Isn't this easy if you have a flat address space: just put the
variable at a fixed location?
if the task switcher is part of the OS kernel (it generally is), then it
does not have direct visibility of variables declared in a user-space
binary.
Does this mean that the global, G, in the following would not be
accessed directly?
int G;
void sub() {
while (G> 0) {
G -= 1;
sub();
}
}
int main(int argc, char **argv) {
G = argc;
sub();
return 0;
}
it depends on the target (CPU mode, compilation mode, and object format).
if compiling for PE/COFF (EXE or DLL), it will be accessed directly.
for ELF, in this case it will generally be accessed indirectly via the
GOT (since the compiler will not know at this point where the variable
is declared, a "common" variable could be either within the local ".bss"
segment, or potentially imported from another SO, but this is only known
to the linker).
if it were initialized or static:
static int G;
or:
int G=0;
then the compiler would know that it was defined in the same compilation
unit, in which case:
on 32-bit x86, it will depend on whether or not this is PIC code (which
will generally depend on whether or not this is a Shared-Object).

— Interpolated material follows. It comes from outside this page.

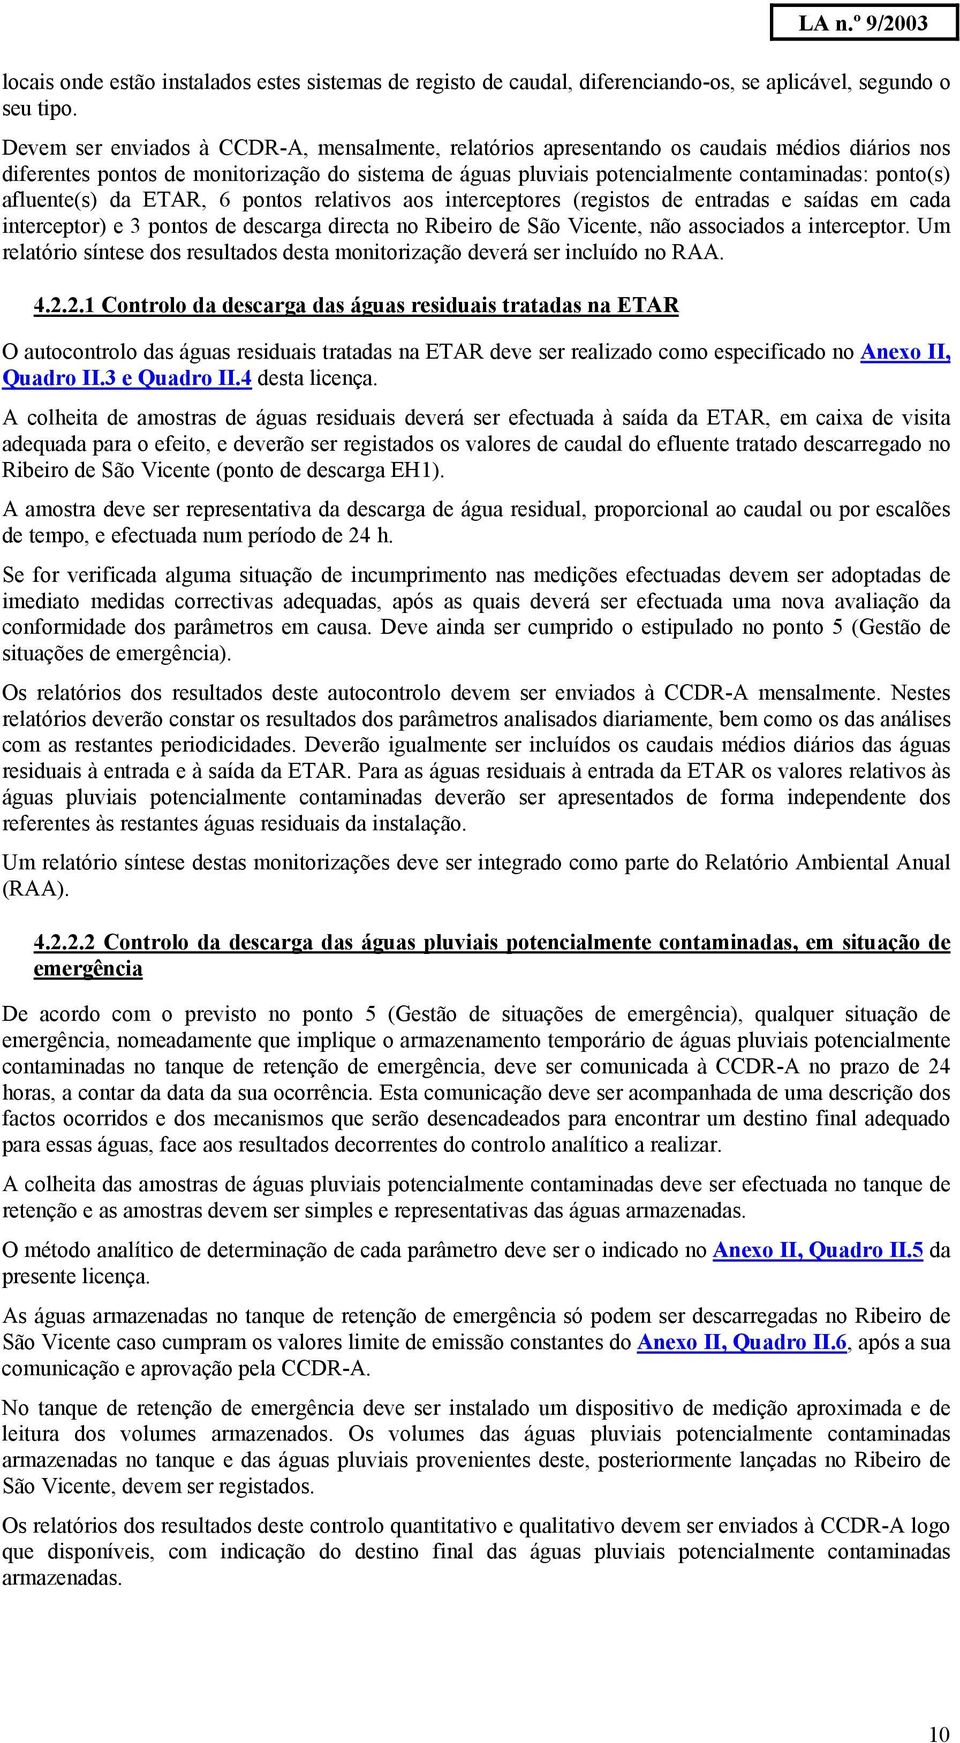 afluente(s) da ETAR, 6 pontos relativos aos interceptores (registos de entradas e saídas em cada interceptor) e 3 pontos de descarga directa no Ribeiro de São Vicente, não associados a interceptor.

on x86-64, the CPU has RIP-relative addressing, and so will presumably
use this to access the variable (for both SO's and non-SO binaries).
also, segment overrides are fairly cheap.
True. It obviously depends on the CPU but in my tests, while segment
loading cost a bit, segment overrides were completely free.
yep.
the cheapest option then would probably be to include whatever magic
state directly into the TEB/TIB/whatever, then be like:
mov eax, [fs:address]
in some cases, accessing a variable this way could in-fact be
potentially cheaper than accessing a true global.
As mentioned, I would expect a file-scope global to be accessed
directly - as a machine word at a location that gets filled-in by the
linker. Am I wrong? Are you are thinking of library code?
...
I am thinking for the case where an OS scheduler needs access to a
userspace global variable.
the kernel can't easily know about this case, unless something "special"
is done.
Why is this no good? There can be any number of user exception types
so it's not possible to have one bit for each. The best I could think
of was to have one bit to indicate a user exception and functions to
examine as much other detail as needed.
exceptions don't generally work this way.
yes, "one bit per type for every type" is absurd, but using one bit
per-type for certain exceptions but not others, isn't much better.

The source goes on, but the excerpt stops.